# Chatbot and RAG Evaluation

Retrievel Augmented Generation (RAG) is a technique that enhances Large Language Models (LLMS) by proving them with relevant context from external sources. 
It has become one of the most widely used approcaches for building LLM applications.

This tutorial will show you how to evaluate your RAG applications using LangSmith. 

1. How o create Test DataSets
2. How to run a RAG application on those datasets
3. How to measure your application's performance using different evaluation metrics.

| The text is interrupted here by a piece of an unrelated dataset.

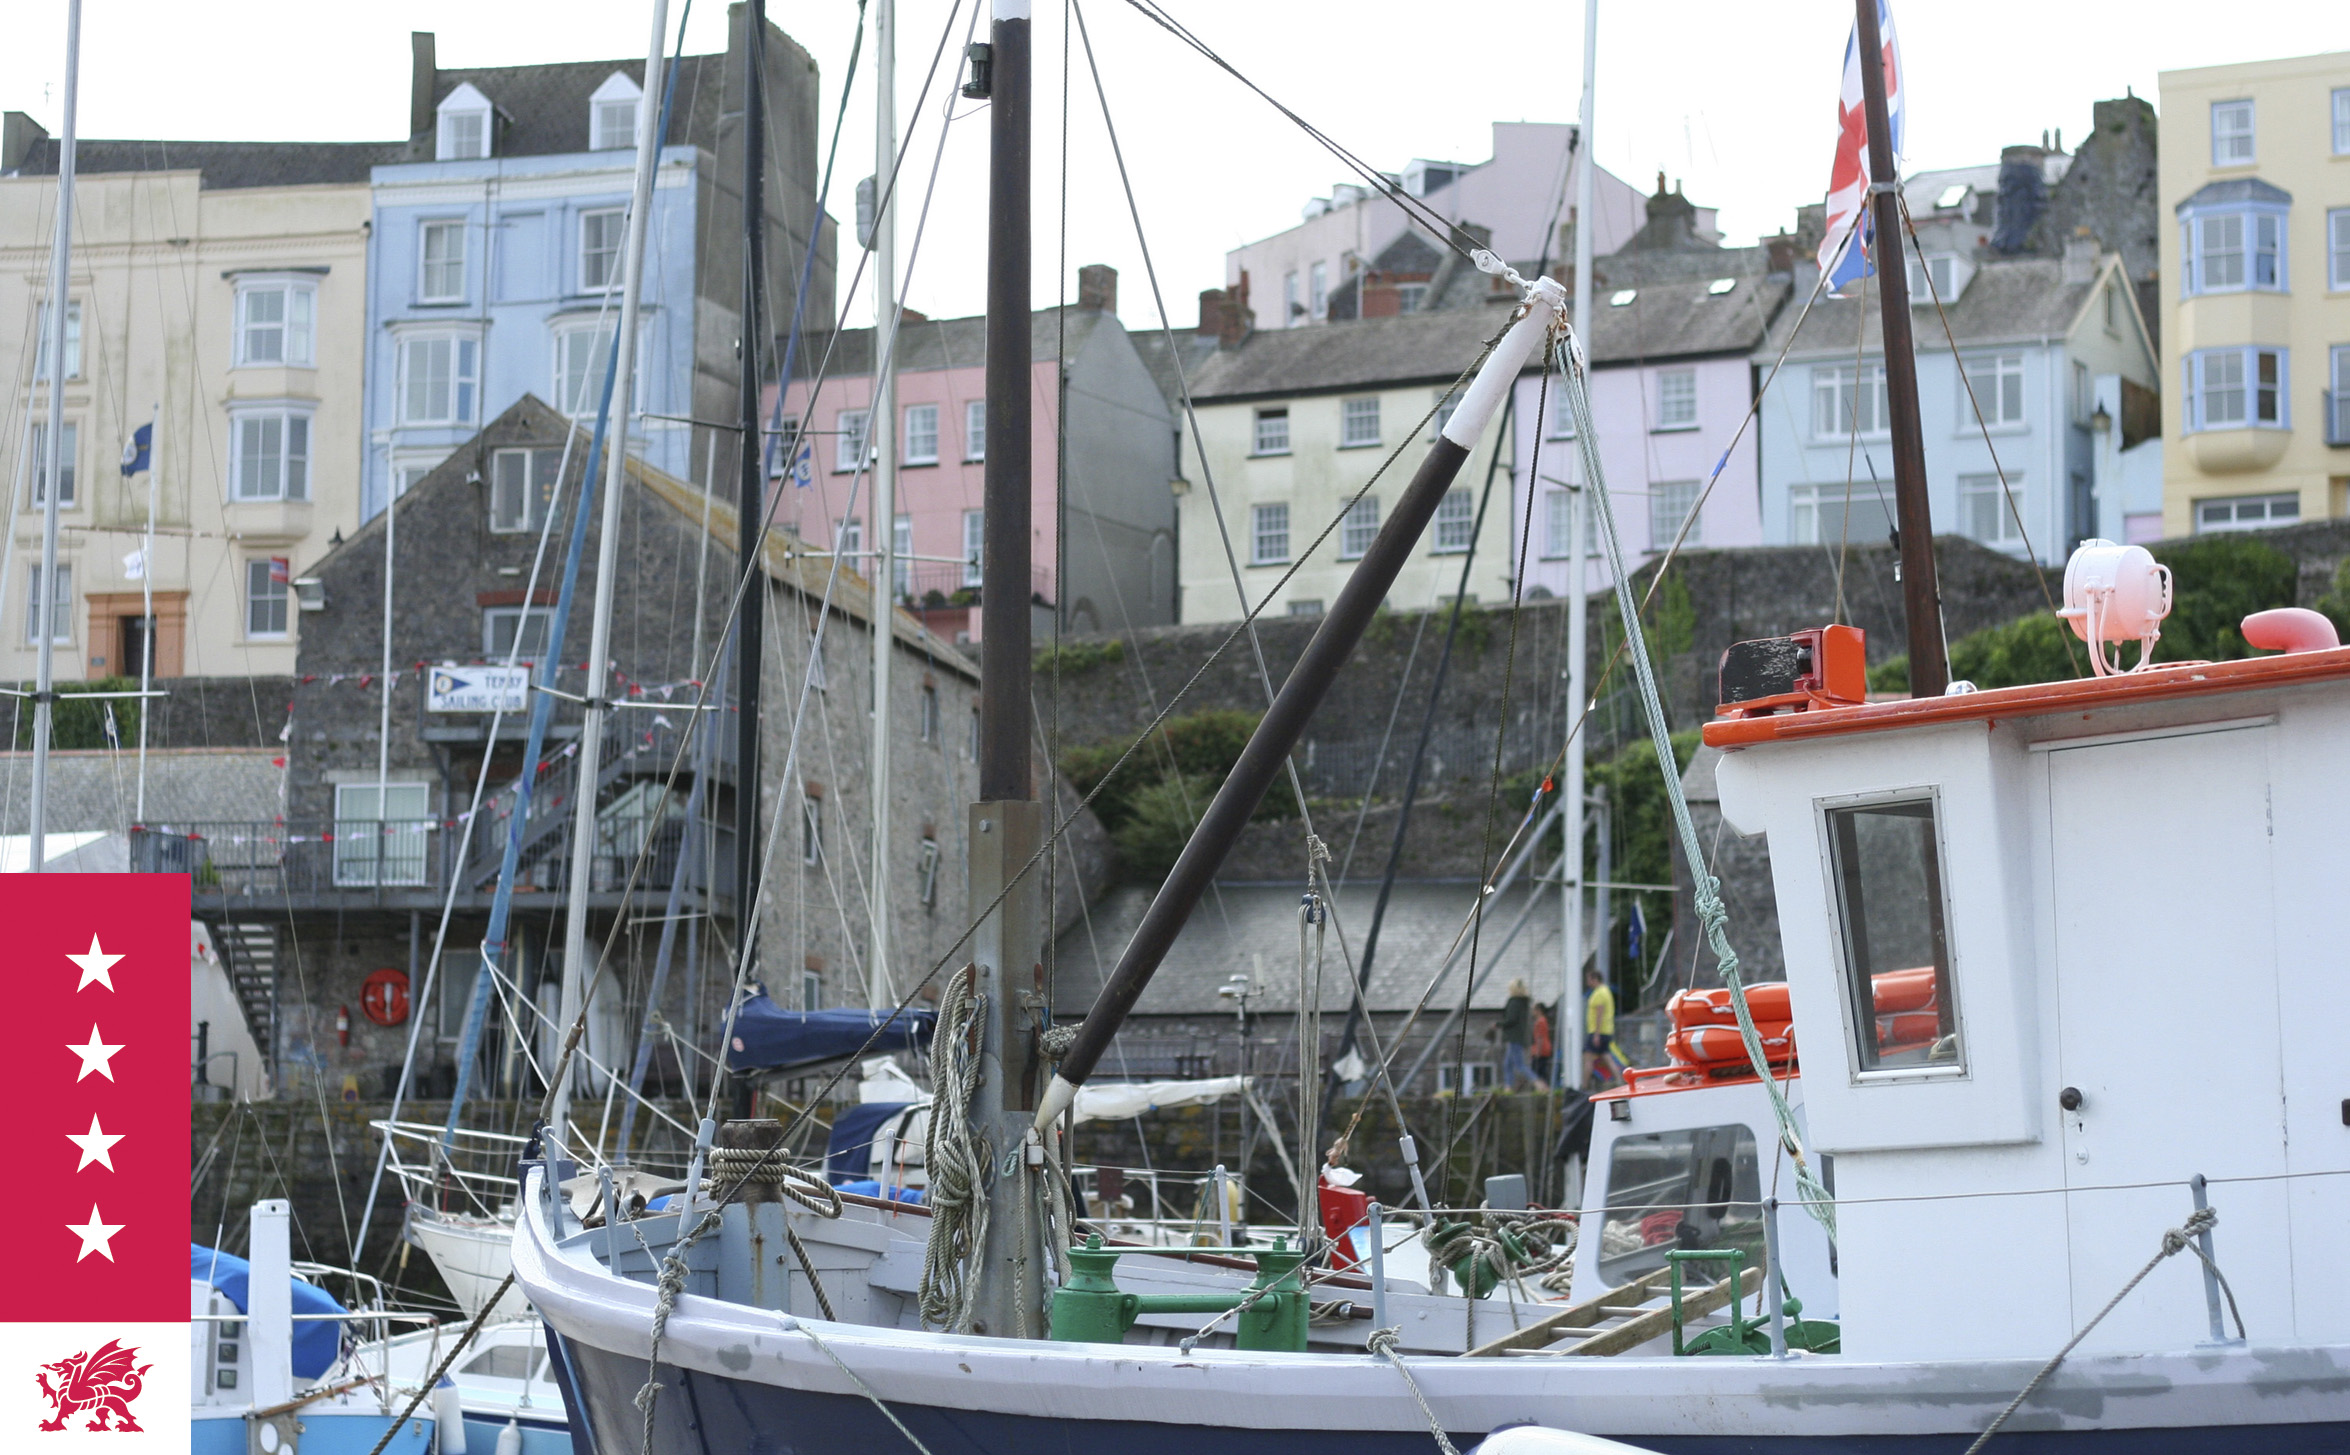 View of Tenby town from the harbour

A typical RAG evaluation workflow consists of three main steps:
1. Creating the dataset with questions and their expected answers
2. Running your RAG application on those questions
3. Using evaluators to measure how well your application performed, lookin at factors like:
* Answer relevance
* Answer accuracy
* Retrieval quality


# Chatbot evaluation

In [55]:
import os
from dotenv import load_dotenv
load_dotenv()

os.environ["LANGSMITH_TRACING"] = "true"

In [None]:
### Create the datapoints
from langsmith import Client

client = Client()

## Define the dataset
dataset_name="Simple chatbot evaluation"
dataset = client.create_dataset(dataset_name)

client.create_examples(
    dataset_id=dataset.id,
    examples=[  
        {
            "inputs": {"question": "What are the most common symptoms of the flu?"},
            "outputs": {"answer": "The most common symptoms of the flu include fever, cough, sore throat, muscle aches, headache, fatigue, and sometimes nausea or vomiting. Symptoms usually appear suddenly."}
        },
        {
            "inputs": {"question": "How long is the incubation period for COVID-19?"},
            "outputs": {"answer": "The incubation period for COVID-19 is typically 2 to 14 days, but most commonly around 5 to 6 days after exposure."}
        },
        {
            "inputs": {"question": "Which vaccinations are recommended for adults over 60?"},
            "outputs": {"answer": "For adults over 60, the following vaccinations are recommended: annual flu shot, pneumococcal vaccine, herpes zoster (shingles) vaccine, and tetanus-diphtheria-pertussis booster every 10 years. FSME vaccination may also be advised if there is a risk of exposure."}
        },
        {
            "inputs": {"question": "What is the difference between a cold and the flu?"},
            "outputs": {"answer": "A cold usually starts gradually with a sore throat, runny nose, and mild cough, while the flu begins suddenly with high fever, severe muscle aches, and pronounced fatigue. Flu symptoms are generally more severe."}
        },
        {
            "inputs": {"question": "How is high blood pressure diagnosed?"},
            "outputs": {"answer": "High blood pressure is diagnosed through repeated blood pressure measurements. A reading of 140/90 mmHg or higher is considered elevated. Confirmation often requires multiple measurements on different days, sometimes including 24-hour ambulatory monitoring."}
        },
        {
            "inputs": {"question": "What natural measures help lower blood pressure?"},
            "outputs": {"answer": "Natural ways to lower blood pressure include regular physical activity, a low-salt diet, stress reduction, weight loss, reducing alcohol consumption, and quitting smoking."}
        },
        {
            "inputs": {"question": "What are the first signs of a stroke?"},
            "outputs": {"answer": "The first signs of a stroke include sudden weakness or paralysis (often on one side), speech difficulties, vision problems, dizziness, severe headache, and confusion. If suspected, call emergency services immediately (remember FAST: Face, Arms, Speech, Time)."}
        },
        {
            "inputs": {"question": "How often should you go for a preventive check-up with your GP?"},
            "outputs": {"answer": "Adults should have a general health check-up every 3 years. In many countries, this is covered by health insurance every 3 years starting at age 35, and annually from age 50."}
        },        
    ],
)

### Define the Metrics (LLM As a Judge)

In [82]:
import openai
from langsmith import wrappers

# Define the metrics for evaluating LLM responses
openai_client = wrappers.wrap_openai(
    openai.OpenAI(base_url="http://localhost:11434/v1", api_key="lcl-123")
)

eval_instructions = "You are an expert professor specialized in grading students' answers to questions."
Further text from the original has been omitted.